A top NATO general says the transfer of security responsibility to Afghan troops hinges on whether more alliance trainers are made available to bolster local security forces.
U.S. Lieutenant General William Caldwell urged NATO allies in Brussels Tuesday to provide 1,000 additional specialized trainers to build up Afghan forces by next year, so that Western troops can begin to withdraw from the country.
Caldwell also said the Afghan police and army need 133,000 more recruits to increase domestic security forces to more than 300,000 - another condition that could affect international troops' departure.
Casualties and low re-enlistment rates for the army and police have been problems for the Afghan government.
Separately, Afghan police report that a suicide bomber killed the deputy governor of eastern Ghazni province.
The blast that killed Mohammad Kazim Allahyar Tuesday also killed his adult son, his nephew, a guard and two civilians who were nearby at the time.
Police say a bomber riding a motorized rickshaw drove into the deputy governor's vehicle as it traveled toward Allahyar's office in Ghazni city.
In an emotional speech in Kabul, President Hamid Karzai decried such violence and said he worries it will force young Afghans to leave the country. He broke into tears at one point and said he does not want his son, Mirwais, to become a foreigner.

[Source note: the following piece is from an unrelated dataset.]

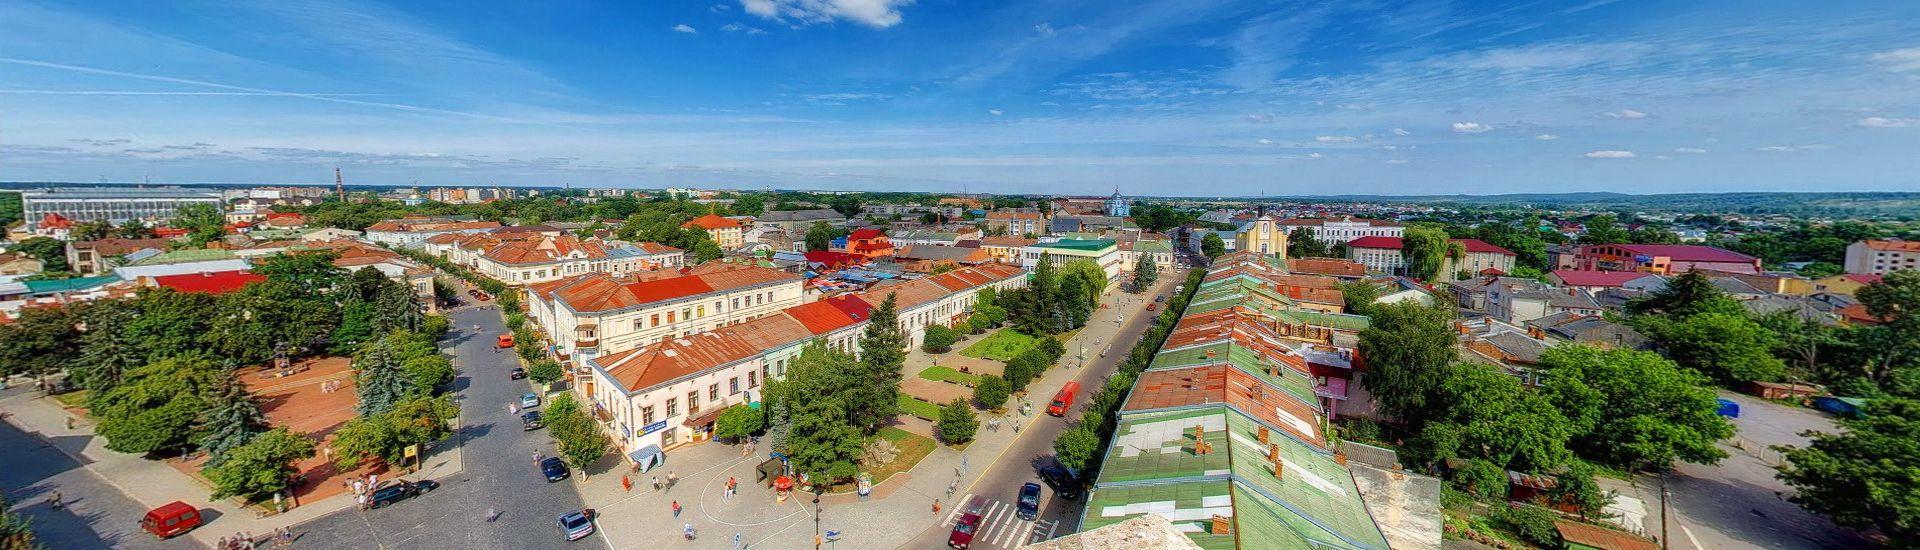 Панорама міста Коломия

The speech was about education in Afghanistan. Mr. Karzai said children cannot go to school because of the threat of bombs and suicide attacks.
The president's office said Tuesday that Afghan officials are investigating reports of civilian deaths during a NATO operation in the eastern province of Laghman.
NATO said it killed 30 enemy fighters in Laghman on Saturday during a battle with more than 250 militants - both Afghan nationals and foreigners. The coalition reported at the time that there were no known civilian casualties.
On Monday, NATO said it was probing the killing of an Afghan civilian by a coalition service member in Laghman the day before, but it gave no details.
Civilian casualties resulting from NATO operations have been a major source of tension between the Afghan government and members of the alliance.
Some information for this report was provided by AP and Reuters.